Other Lives and Dimensions and Finally a Love Poem

Bob Hicok

My left hand will live longer than my right. The rivers
            of my palms tell me so.
Never argue with rivers. Never expect your lives to finish
                        at the same time. I think

praying, I think clapping is how hands mourn. I think
            staying up and waiting
for paintings to sigh is science. In another dimension this
                        is exactly what’s happening,

it’s what they write grants about: the chromodynamics
            of mournful Whistlers,
the audible sorrow and beta decay of Old Battersea Bridge.
                        I like the idea of different

theres and elsewheres, an Idaho known for bluegrass,
            a Bronx where people talk
like violets smell. Perhaps I am somewhere patient, somehow
                        kind, perhaps in the nook

of a cousin universe I’ve never defiled or betrayed
            anyone.

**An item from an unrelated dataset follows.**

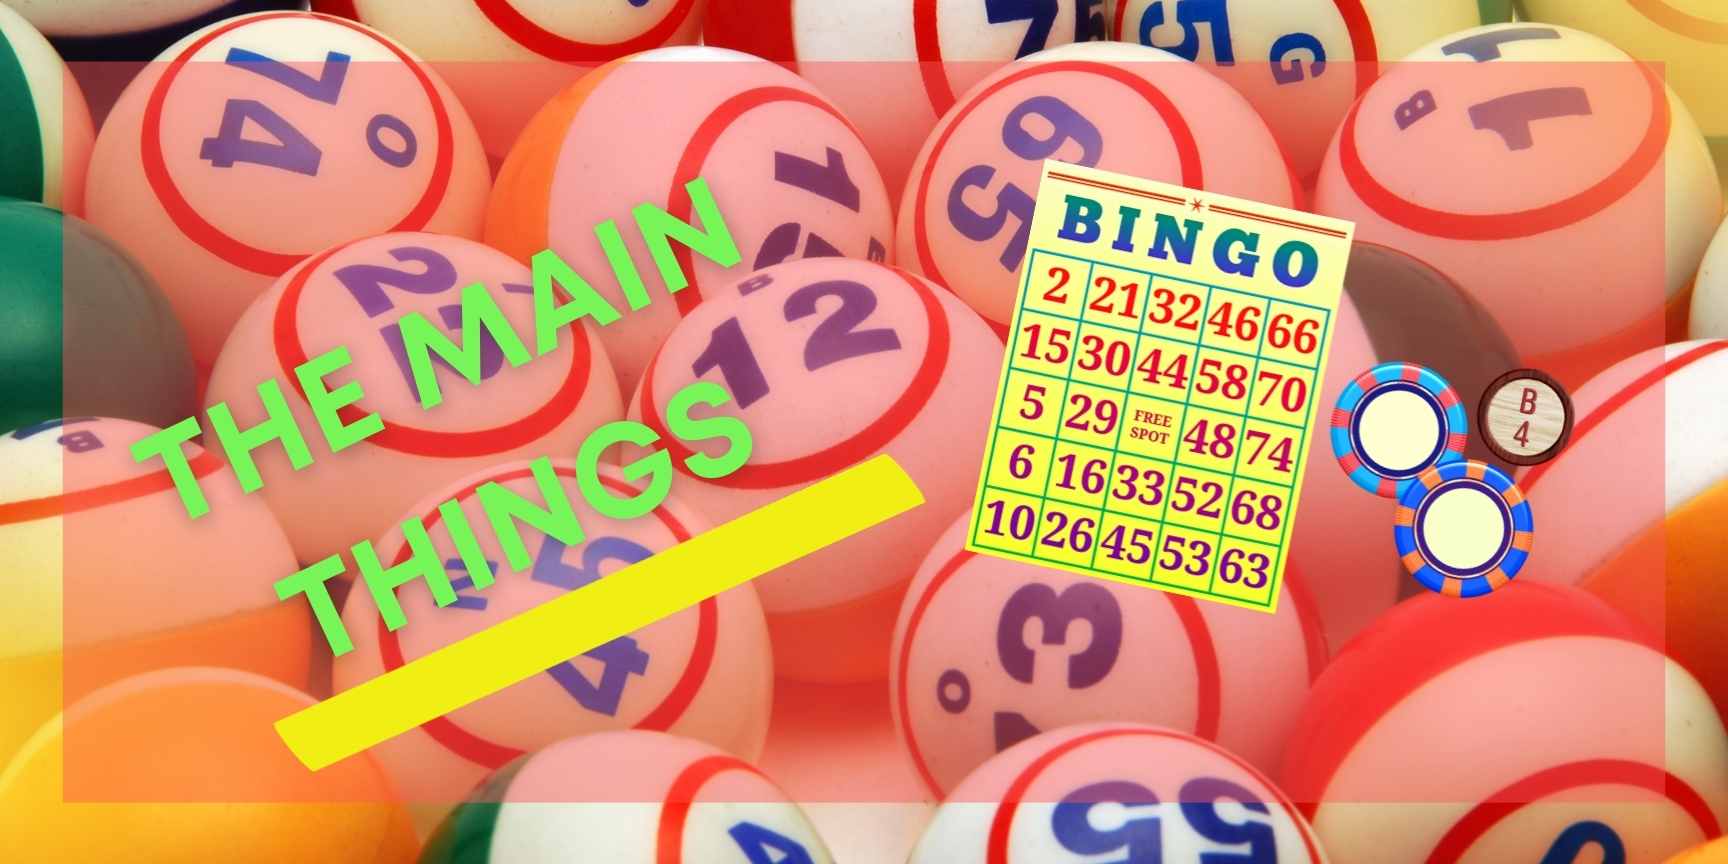 bingo main things

Here I have
two hands and they are vanishing, the hollow of your back
                        to rest my cheek against,

your voice and little else but my assiduous fear to cherish.
            My hands are webbed
like the wind-torn work of a spider, like they squeezed
                        something in the womb

but couldn’t hang on. One of those other worlds
            or a life I felt
passing through mind, or the ocean inside my mother’s belly
                        she had to scream out.

Here, when I say I never want to be without you,
            somewhere else I am saying
I never want to be without you again. And when I touch you
                        in each of the places we meet,

in all of the lives we are, it’s with hands that are dying
            and resurrected.
When I don’t touch you it’s a mistake in any life,
                        in each place and forever.